**Task objective:** Go through the data below and repeat it exactly, skipping each picture.

**Data block:**
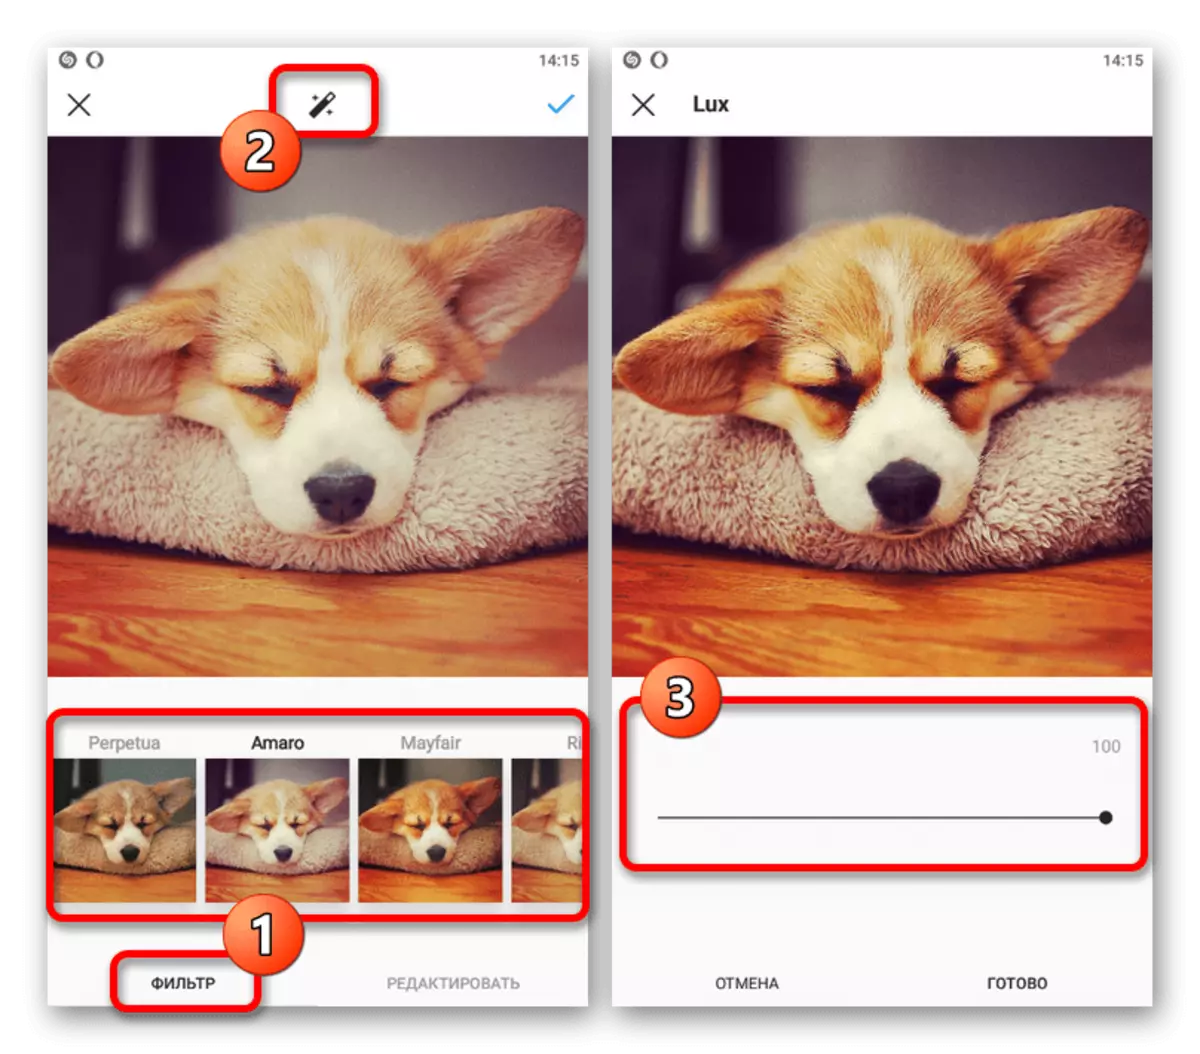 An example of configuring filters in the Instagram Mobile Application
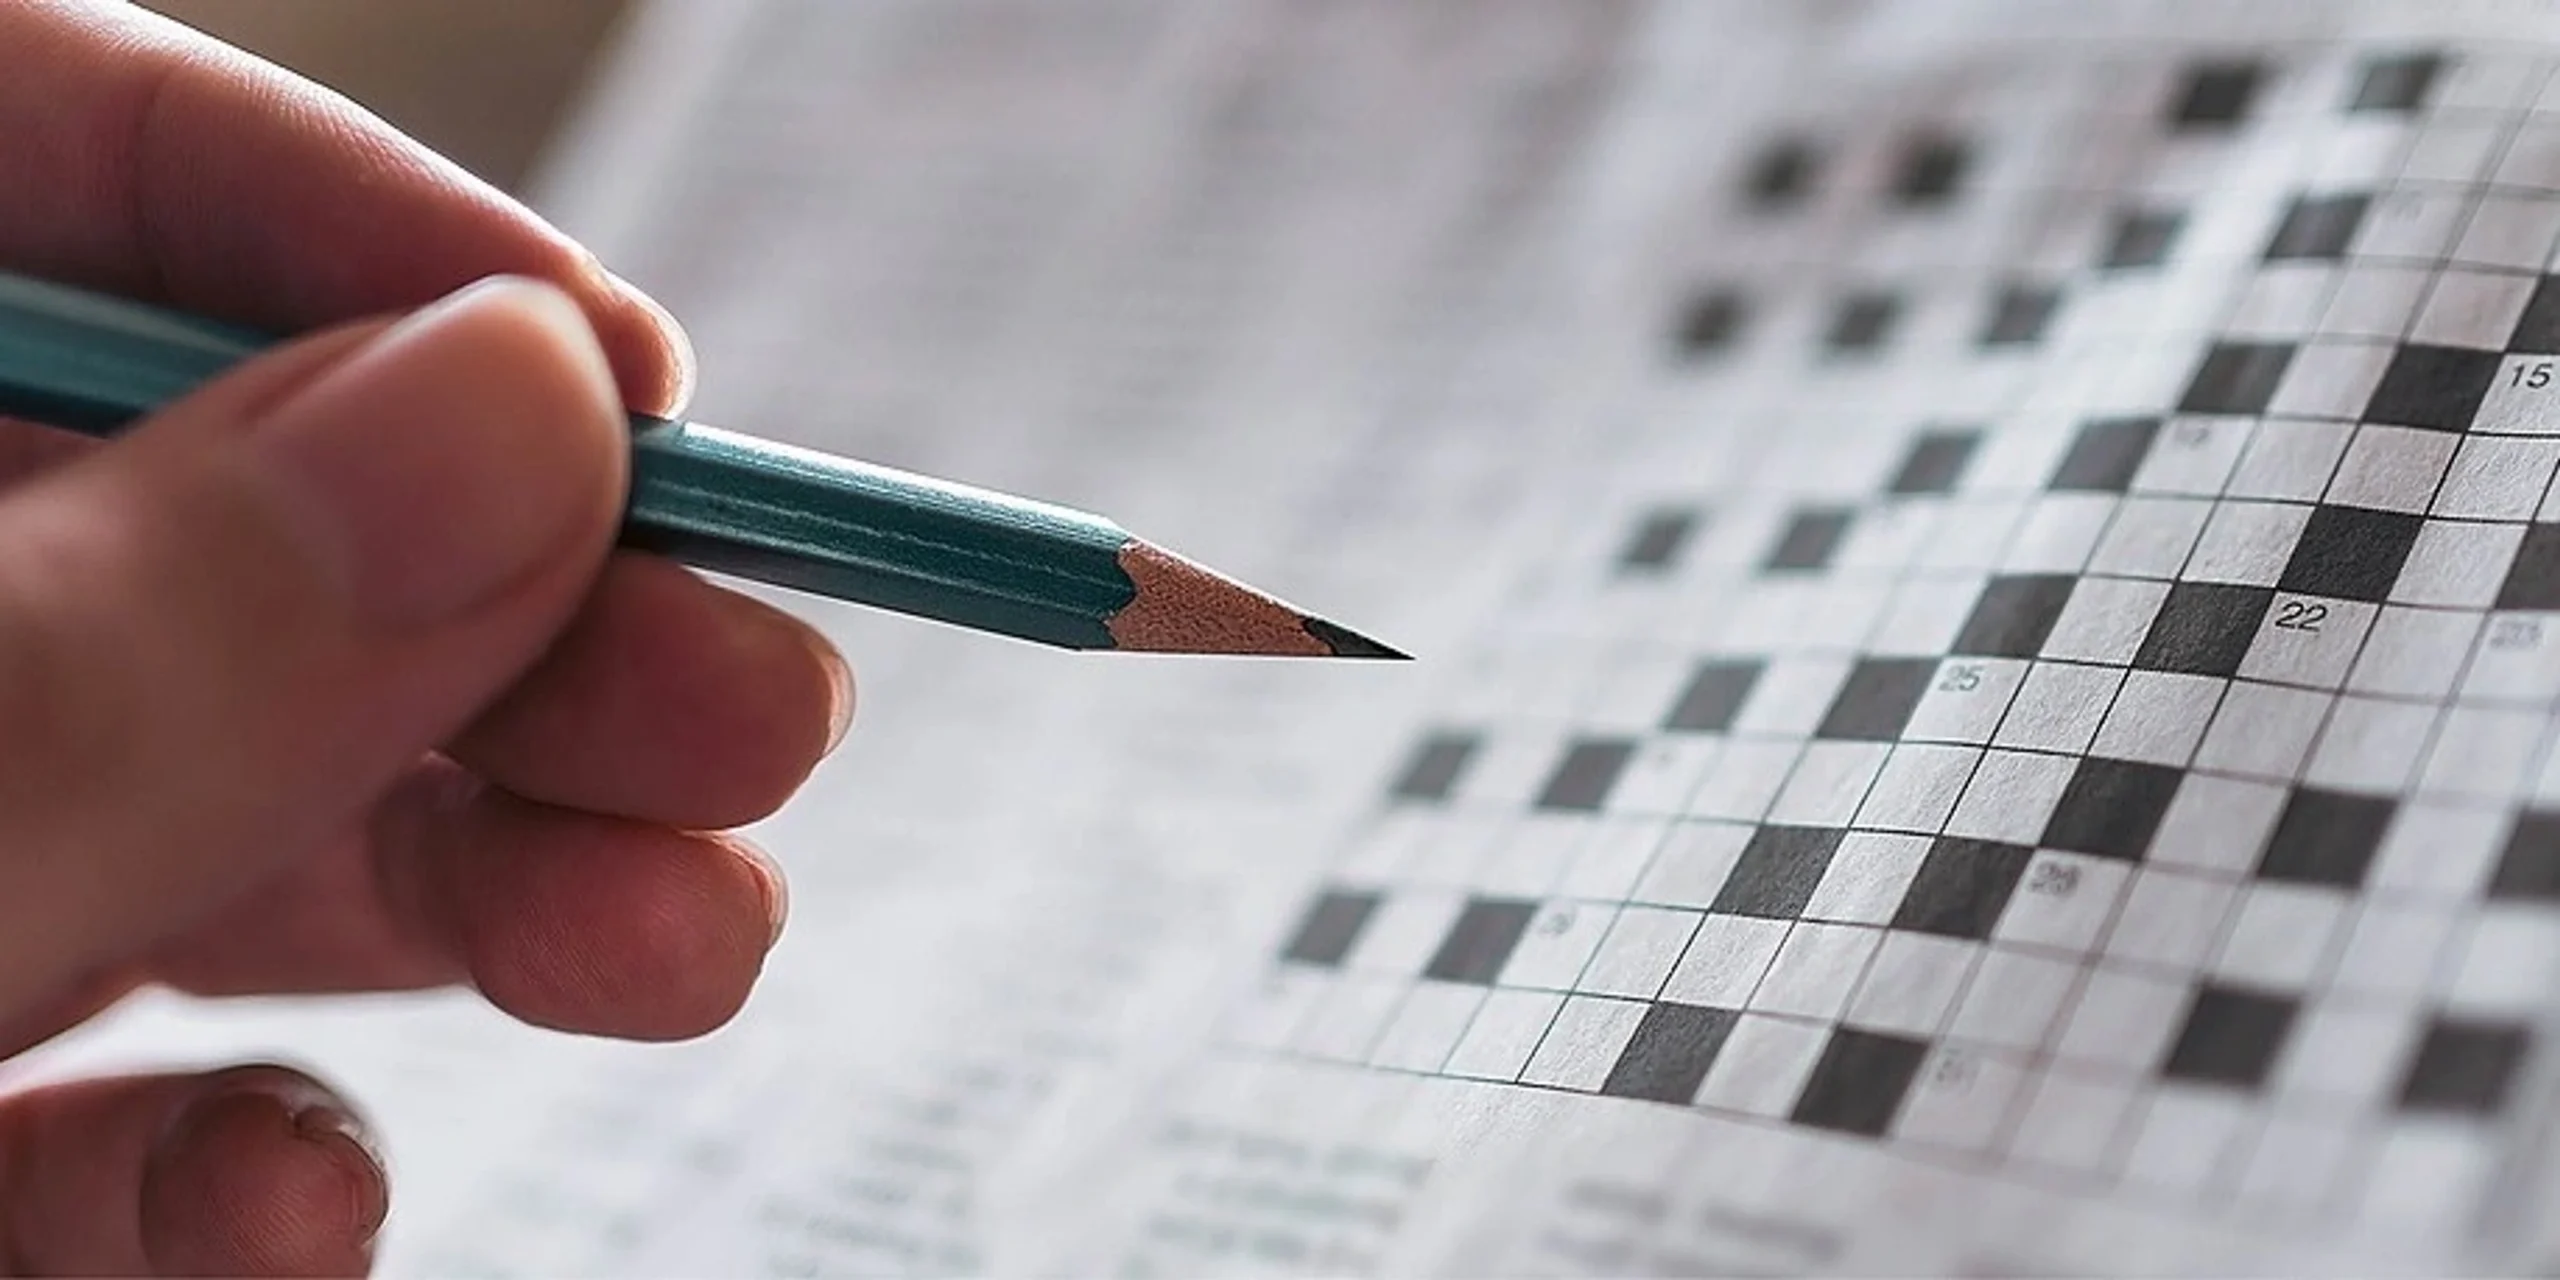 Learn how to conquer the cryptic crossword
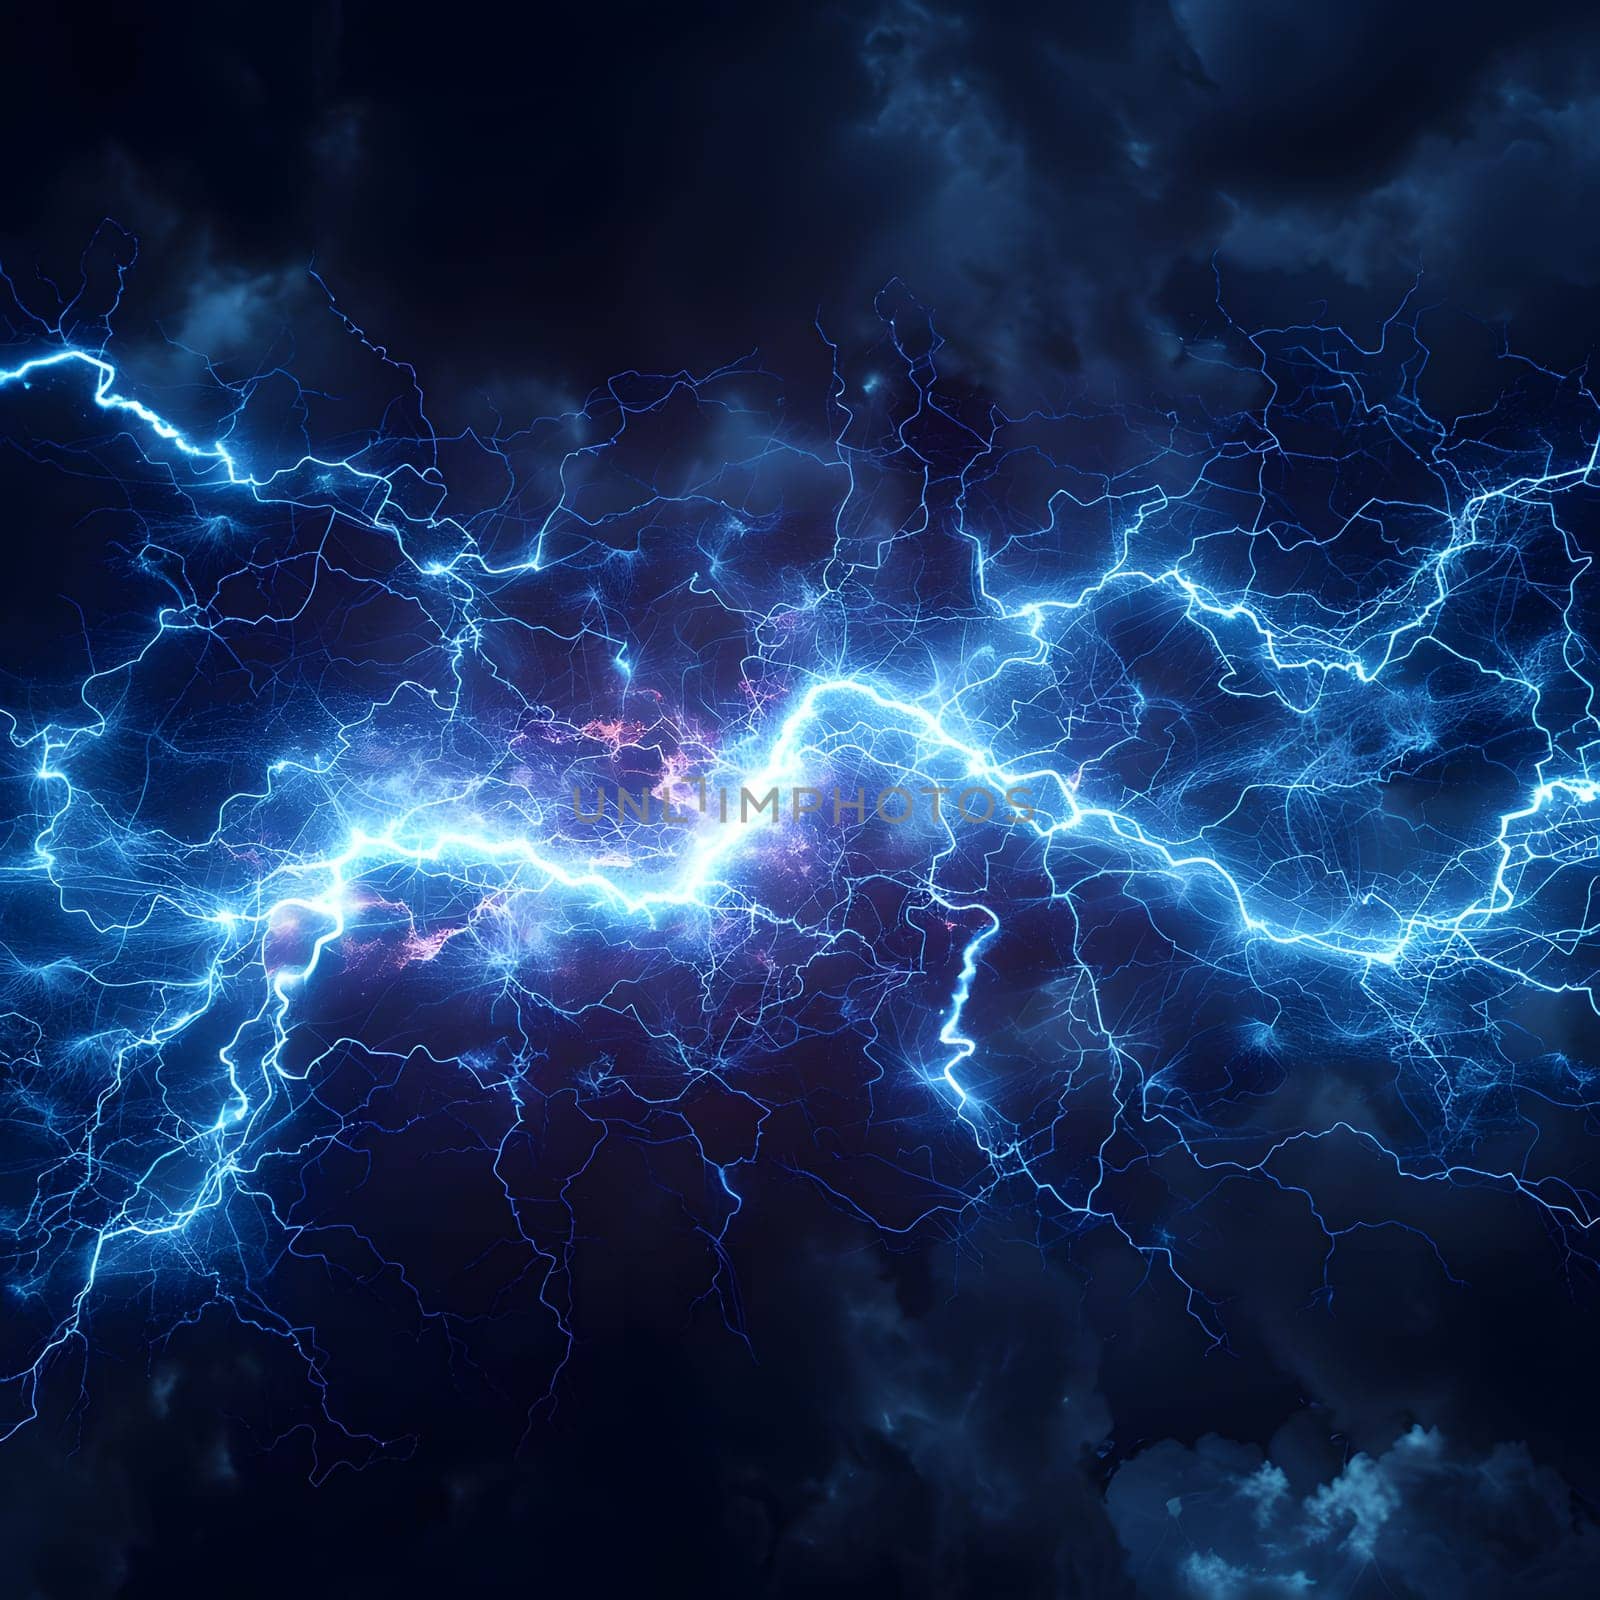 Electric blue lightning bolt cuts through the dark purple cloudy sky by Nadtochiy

**Solution below:**
 An example of configuring filters in the Instagram Mobile Application
 Learn how to conquer the cryptic crossword
 Electric blue lightning bolt cuts through the dark purple cloudy sky by Nadtochiy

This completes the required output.